8 min read
I've been dabbling with Gen AI
Building an AI-powered recipe organizer

You know those AI you’ve seen in sci-fi movies? Well it turns out they’re real, so I had to take one for spin.

I realized I had one problem that these LLMs seemed perfectly suited to solve: recipe organization.

Imagine you’re like me and your “cookbook” is just a Google Keep note with a list of the URLs for ~70 recipe blog posts from all over the web. Dealing with Keep on mobile kinda sucks but that’s a separate issue. Bigger concerns include the possibility that the author of the recipe might take it down or modify it. Then, there’s the hassle of fighting through ads and fluff to scroll down to the actual recipe. I realized it wouldn’t be too difficult to set up an app that can scrape those sites and hand them off to an LLM to extract the recipe and return it in some structured form like JSON.

So, I built Recipie, a simple recipe organizing tool where you can copy your list of recipe links from wherever you keep them and with a single click automatically import them into one place.

I don’t have it hosted publicly because Vertex is kind of expensive and I’m a miser, but here’s a demo to showcase it:

It has a few key features:

  • Import recipes from anywhere on the web!
  • Import many recipes at once
  • Import multiple recipes from a single page
  • View your recipes in full, including metadata like prep time where available
  • Simple auth (in this case, using Google OAuth)

How it works

I built Recipie using PocketBase as my backend framework, and had overall a fantastic experience working with it.

For each URL submitted via the import flow, a smartImport record is added to PocketBase’s built-in database. From there, I added a database event hook (super simple to set up) to listen for changes to the smartImport collection and, for each new record, kick off the import job.

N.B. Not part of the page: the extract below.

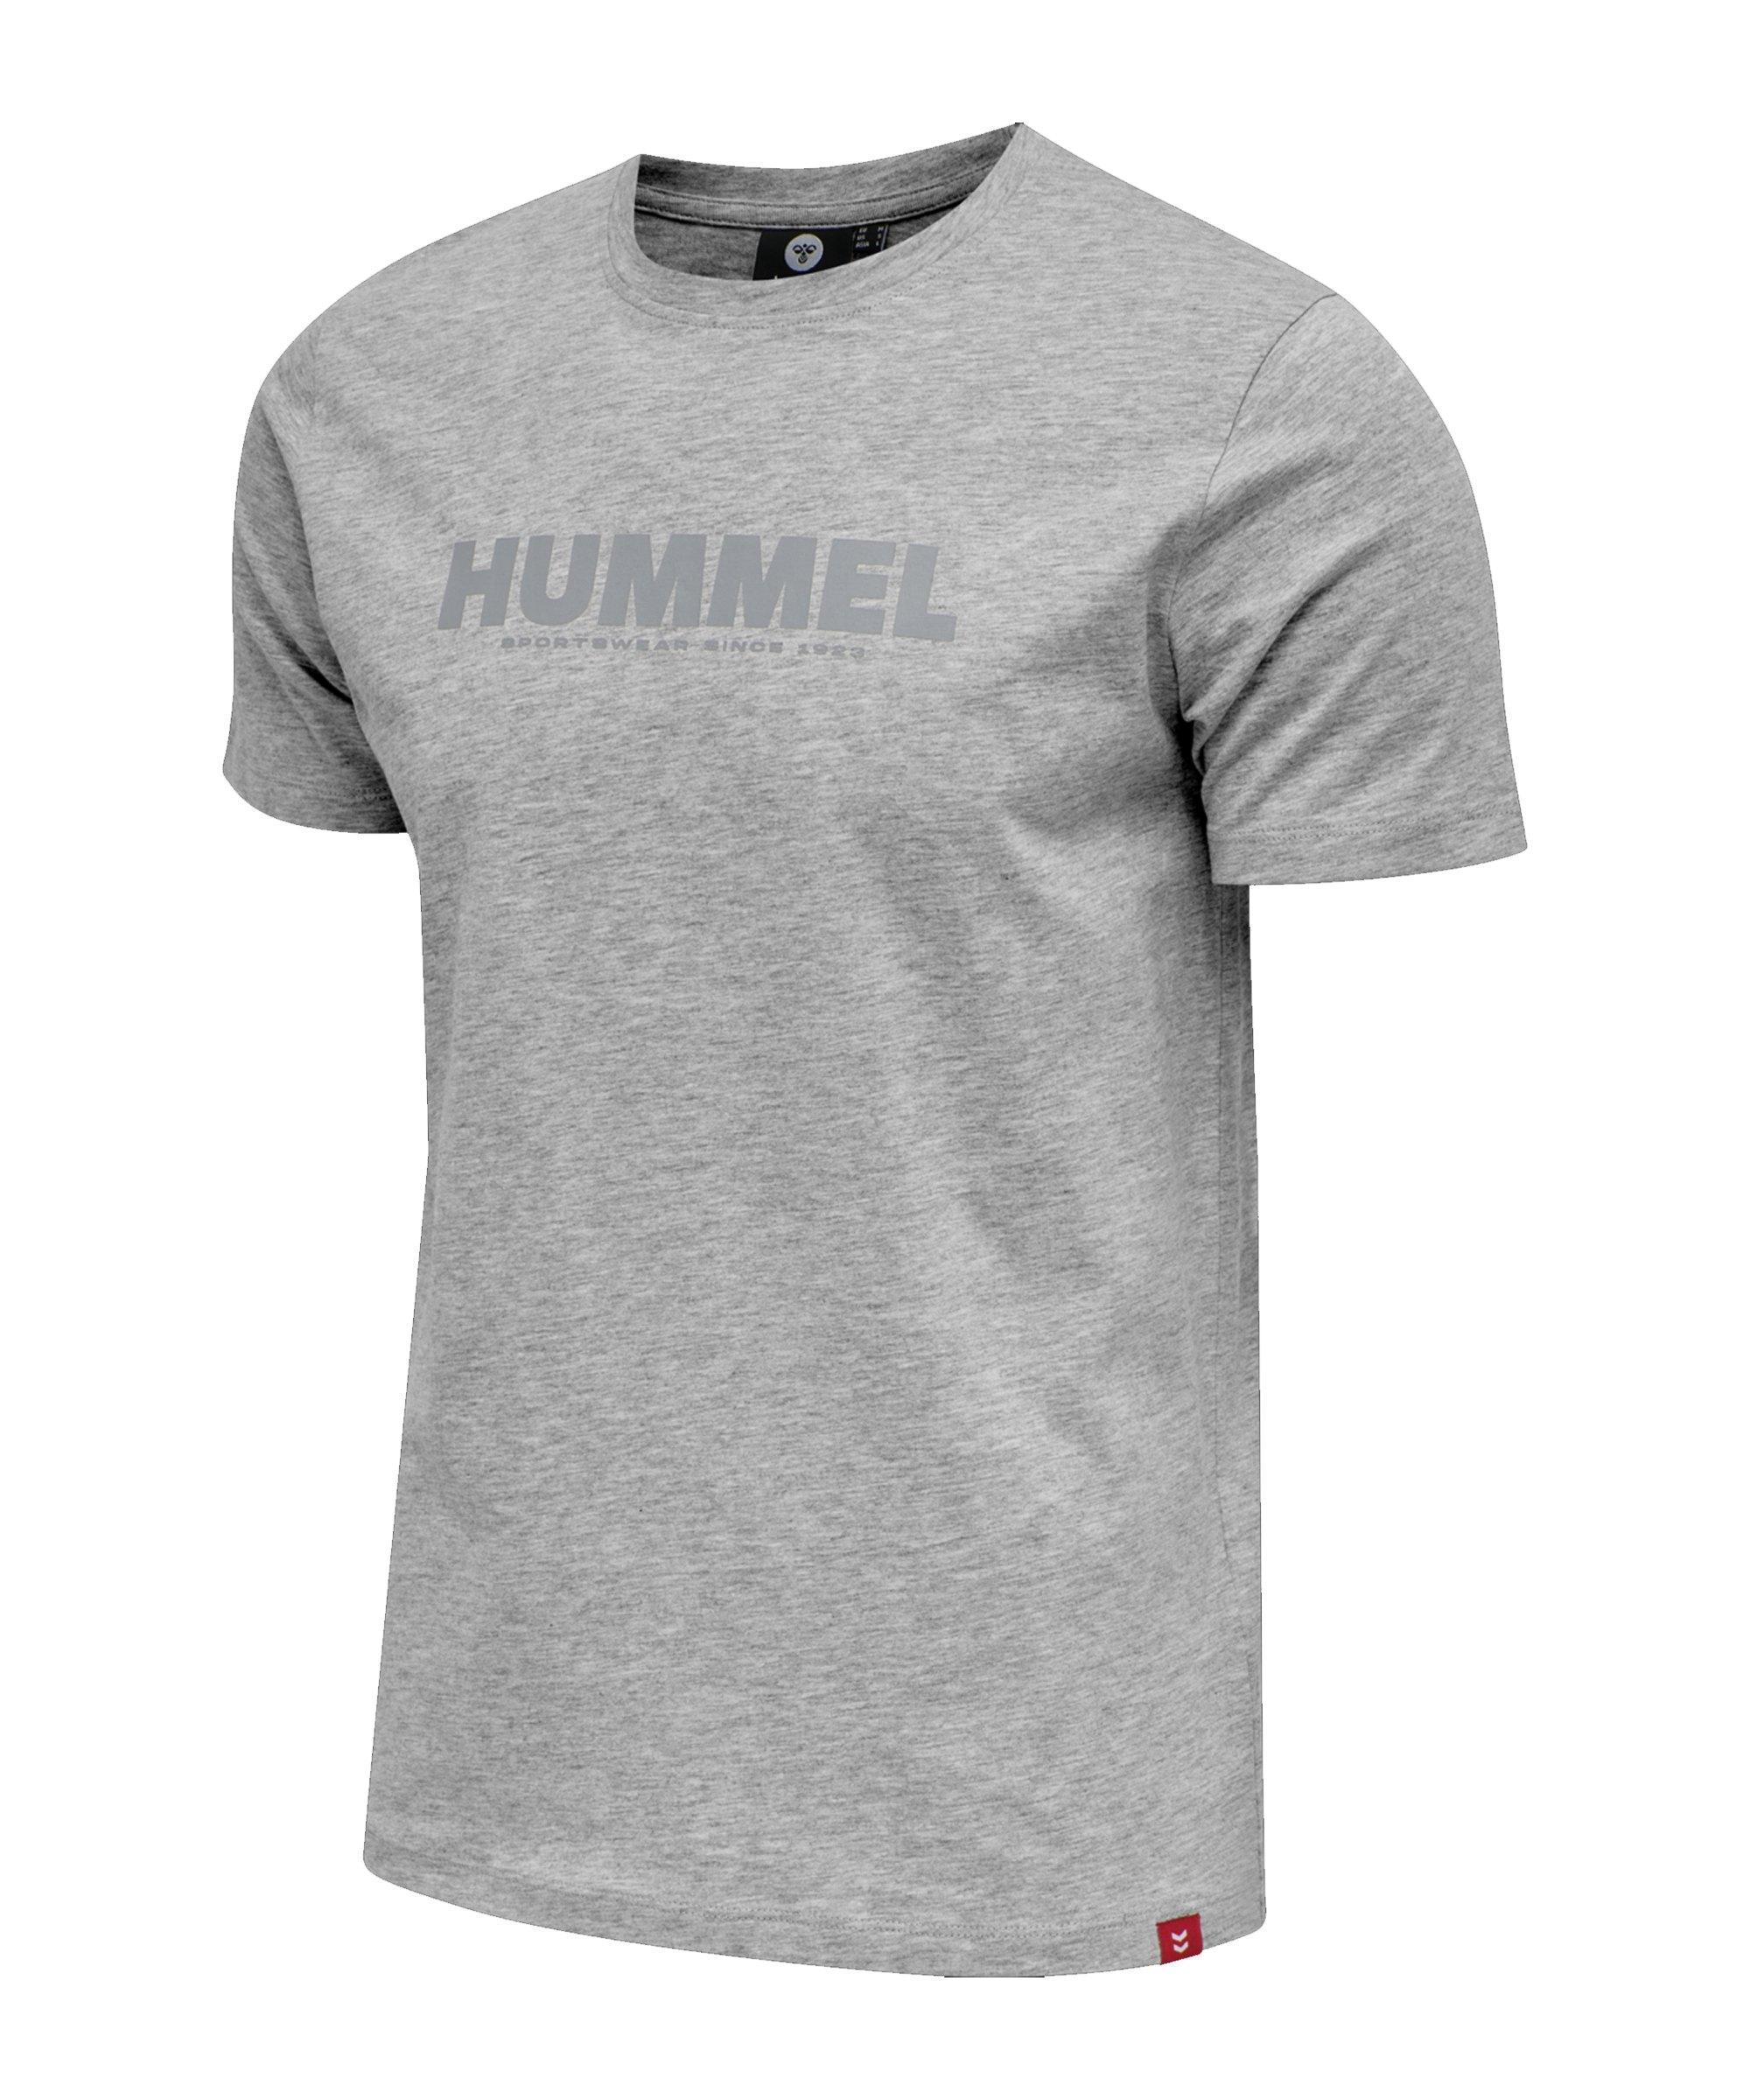 Hummel Legacy T-Shirt Grau F2006 - grau

The first step in the job is to scrape the text from the recipe’s web page. I actually struggled with this more than I expected; I found the available Golang scraping tools to be somewhat unintuitive. In the end I was able to get goquery to work. From there, the worker appends the raw recipe text to my special prompt and sends the lot off to Google’s Vertex AI. Vertex responds with a JSON structure containing the recipe’s info, ingredients, and instructions, which the worker saves as a recipe record in the database. Throughout this process, the import job updates the smartImport record with its current status: notably, if any error is encountered and the job is unable to complete, it sets the status to “error” and halts.

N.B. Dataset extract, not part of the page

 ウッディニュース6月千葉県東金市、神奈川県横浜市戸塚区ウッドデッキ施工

I went through a few iterations of this pipeline. My first iteration had a freakishly bloated database schema, complete with a separate collection for ingredient records (not sure what I was thinking there). The major problem with it, though, was my handling of the import job: I kicked the job off as a bunch of goroutines, but did so in a way that they were tied to the request context. This didn’t matter for small imports of only a handful of recipes, but for my huge list of over 70, only about half of them were successfully imported before the request timed out. After the time out, all of the incomplete imports were left in a bad state, with their statuses still set to “processing”. After reading the PocketBase docs, I found the right database event hooks that are not tied to the request context and got everything working properly in the end.

Crude “Minimalist” UI

Okay so it looks a bit crude, but I had a lot of fun building the UI using SolidJS and Tailwind. Solid provides a fantastic JSX experience that’s much closer to plain HTML than React, while having a simpler mental model and tiny footprint (it’s a fraction of the size of React and vastly more performant). It also has all batteries included: it has its router, context and state management tools, and even an SSR framework. More than anything, though, I just am ready to leave all of React’s bloat behind: React has at least 3 different paradigms (class-based components, hook-based functional components, and soon signals with some kind of compilation) all cluttering up the namespace and making a uniform style difficult to achieve in large teams. This ended up being a solo project, but even still I wanted to work with a clean and simple tool, and Solid fit the bill.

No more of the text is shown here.